Gleaning from their own experiences with friends, families, and responsibilities, and supported by hundreds of interviews, Degges-White and Borzumato-Gainey attempt to make sense of female relationships, from why we need them to how to make them. Highlighting the murky differences between female and male friendships, this work is clearly written by women for women. The book tracks and analyzes female friendships from early childhood to late life, tackling milestones like coupling, marriage, and childbirth. Parallel features of female friendships arise at every age, from the obvious (forming friendships based on common interest) to more crucial elements of trust, honesty, and reciprocity. Relatable tales and easy-to-implement recommendations will equip female readers with the confidence to form new, lasting friendships and the language with which to discuss their current ones. In the end, making friends for women of any age, at any stage in life, will seem less daunting and more inviting than ever.
Publishers Weekly

This readable, research-based study is both an academic resource and a self-help book for women wanting to deepen friendships or broaden their friendship circles. The authors, who are both counselors and scholars, review the concept of friendship from various viewpoints: individual psychology, social psychology, and individual well-being and personal development.
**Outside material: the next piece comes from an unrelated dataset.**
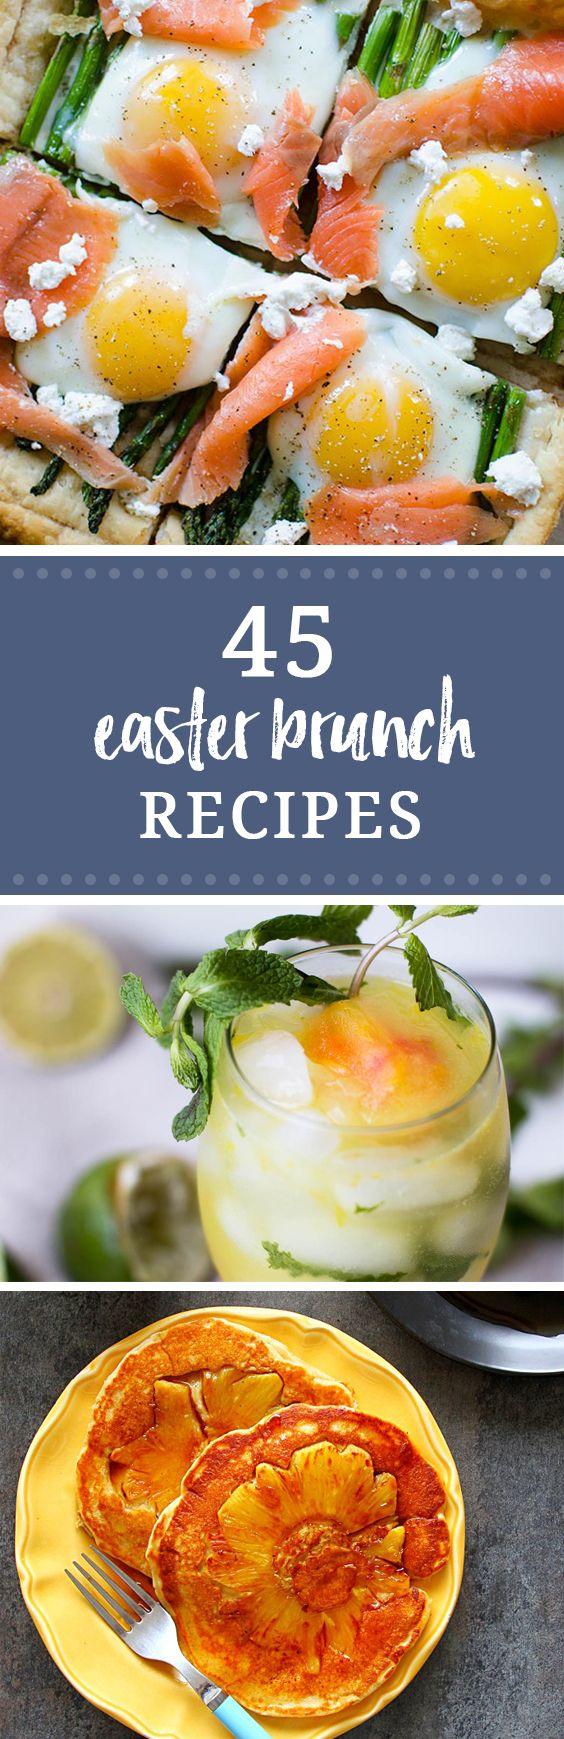 351 best easter ideas images on pinterest easter recipes for Easter brunch restaurant menus

The book's 20 chapters (organized into five sections) examine friendship across the life span, from early childhood to old age, and across life conditions (single, married, divorced, parenting, career, and so on). Not included in the developmental discussion are issues of race and religion across friends; such analysis would have made the book richer than it already is. The first section reviews human social connection, offering some historical background and commenting on social media in friendships; the second considers friendship from a developmental perspective. The last three sections offer self-help materials: how to analyze oneself as a friend, understand one's friendship landscape, and build and sustain friendships over time. Including chapter references, this book is useful in both academic and personal settings--including by psychotherapists as bibliotherapy.

Readers will be given tools to enrich their lives and their relationships. At the most basic level, readers will come away with the following:

1)Understanding of the influence of biology, psychology, and society on friendship needs;

2)A sense of connection to other women who have struggled with challenges to lasting friendships;

3)Greater knowledge of the personal qualities that are crucial to lasting friendships and the level to which she offers these to her friends;

4)A new perspective on her current network of friends and a new understanding of how well these friends are meeting her emotional and instrumental needs;

5)Strategies to transform current networks into more effective support systems; and

6)Approaches for making new friends and strengthening current friendships.